**DATA BLOCK**
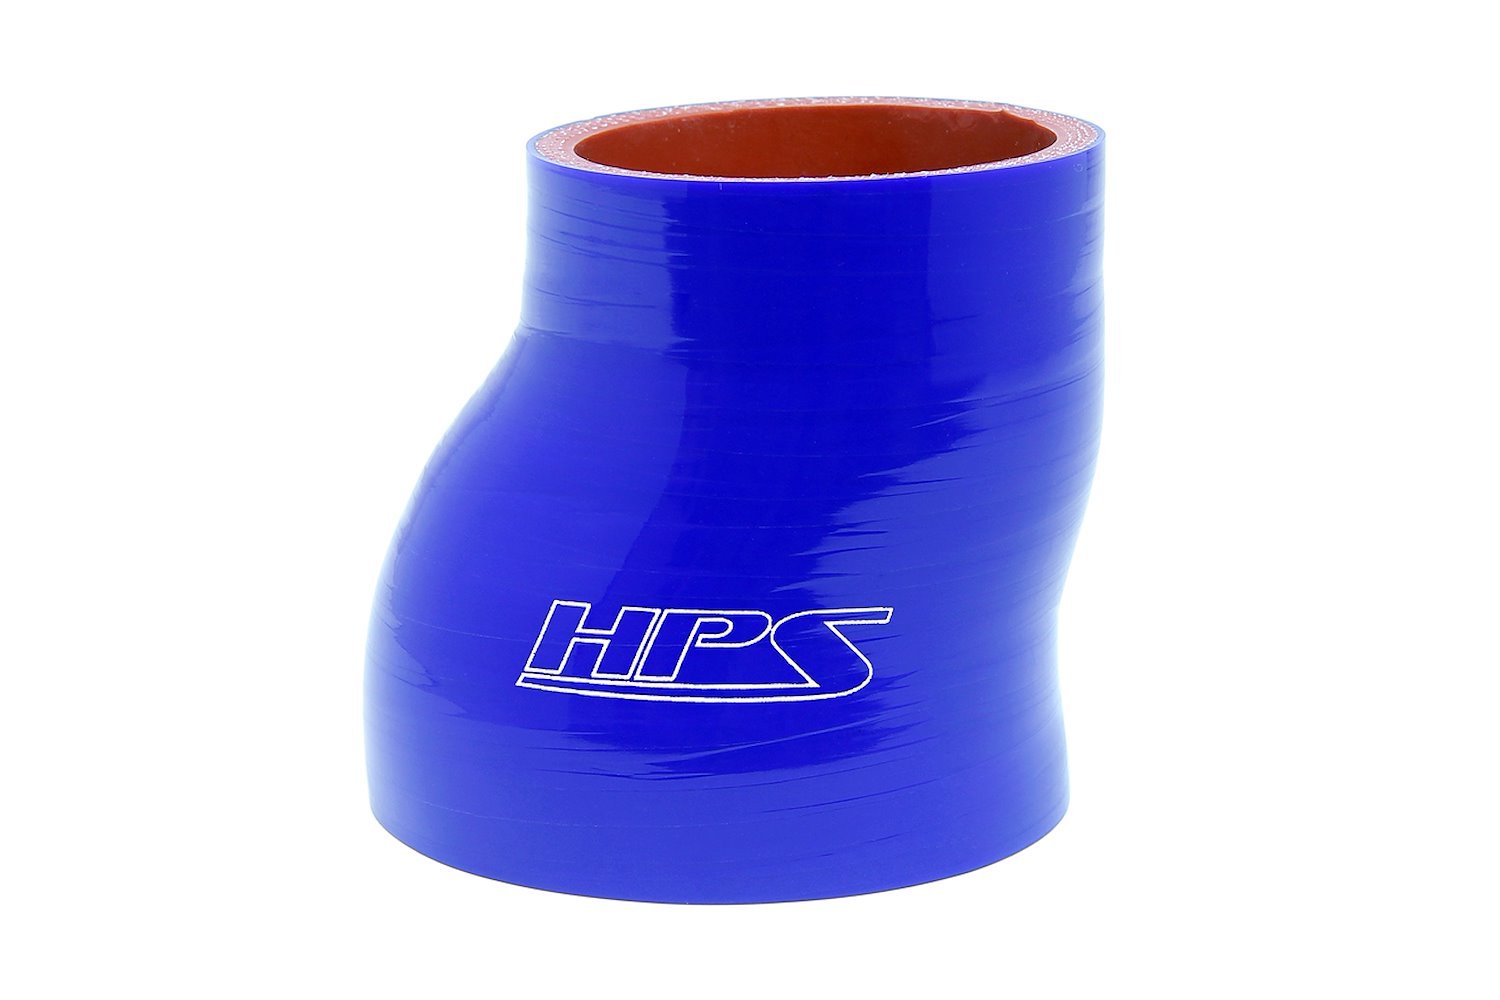 HTSOR-200-225-BLUE Silicone Offset Reducer Hose, High-Temp Reinforced, 2 in. - 2-1/4 in. ID, 3 in. Long, Blue
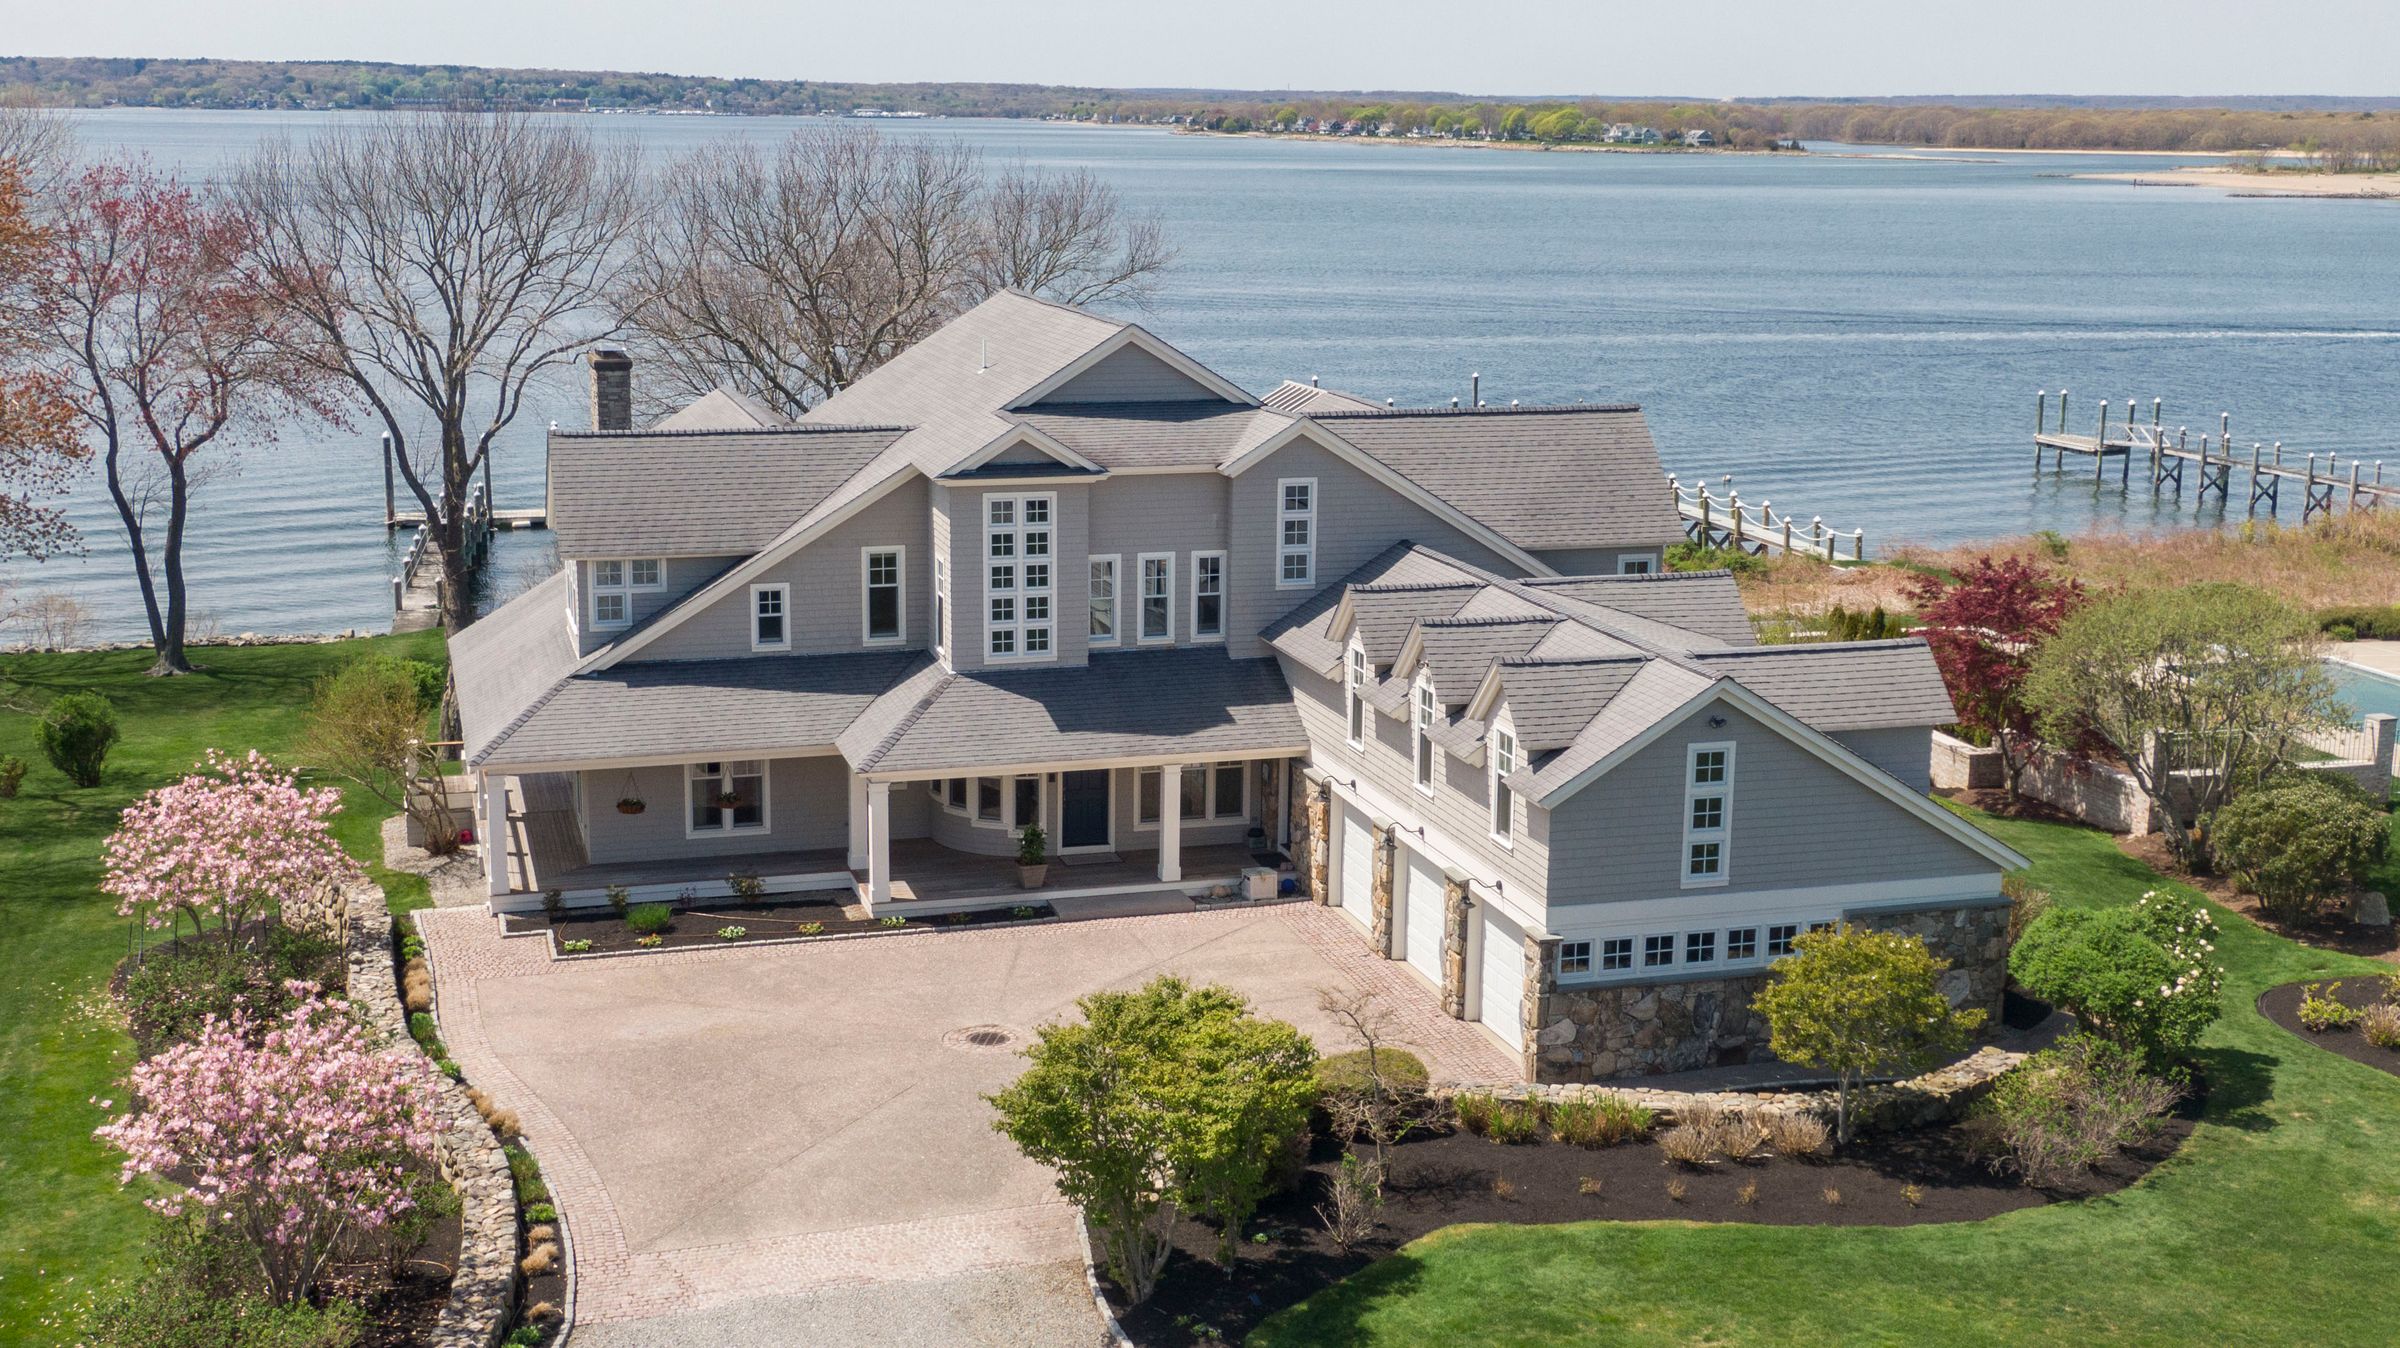 LILA DELMAN COMPASS SETS RECORD FOR HIGHEST HOME SALE IN WARWICK HISTORY*
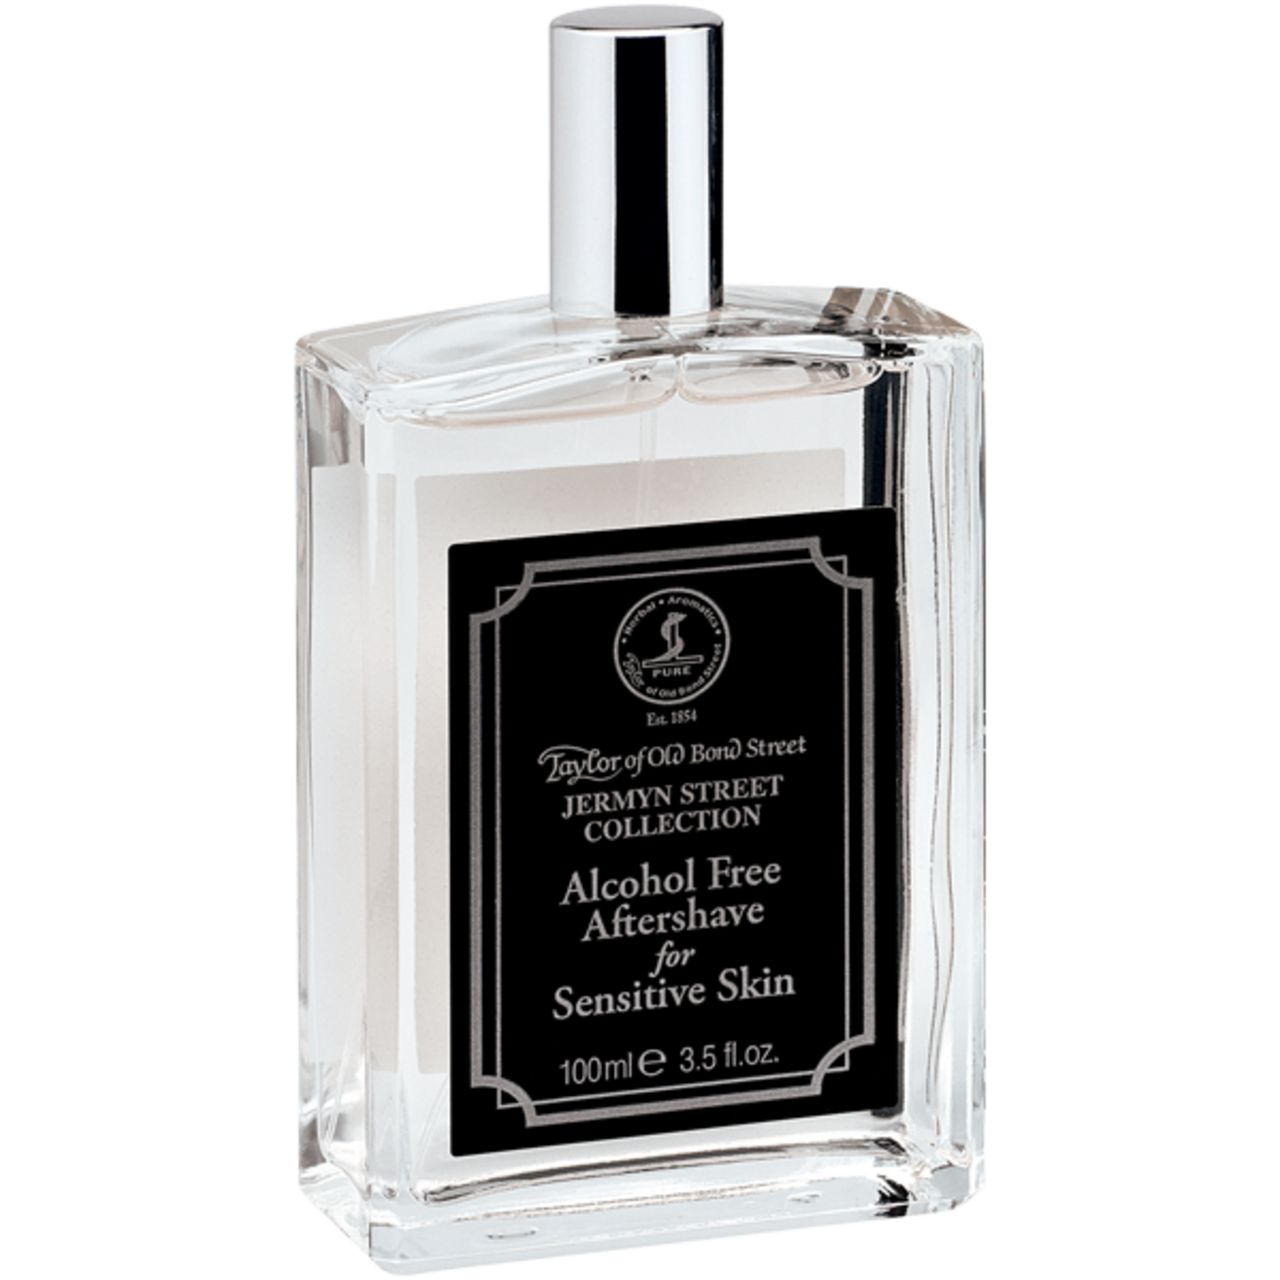 Taylor of Old Bond Street, Jermyn Street Collection Alcohol Free Aftershave for sensitive Skin

**EXERCISE AIM**
The whole listing, pictures excluded, should be output exactly.

**WRITTEN REPLY**
 HTSOR-200-225-BLUE Silicone Offset Reducer Hose, High-Temp Reinforced, 2 in. - 2-1/4 in. ID, 3 in. Long, Blue
 LILA DELMAN COMPASS SETS RECORD FOR HIGHEST HOME SALE IN WARWICK HISTORY*
 Taylor of Old Bond Street, Jermyn Street Collection Alcohol Free Aftershave for sensitive Skin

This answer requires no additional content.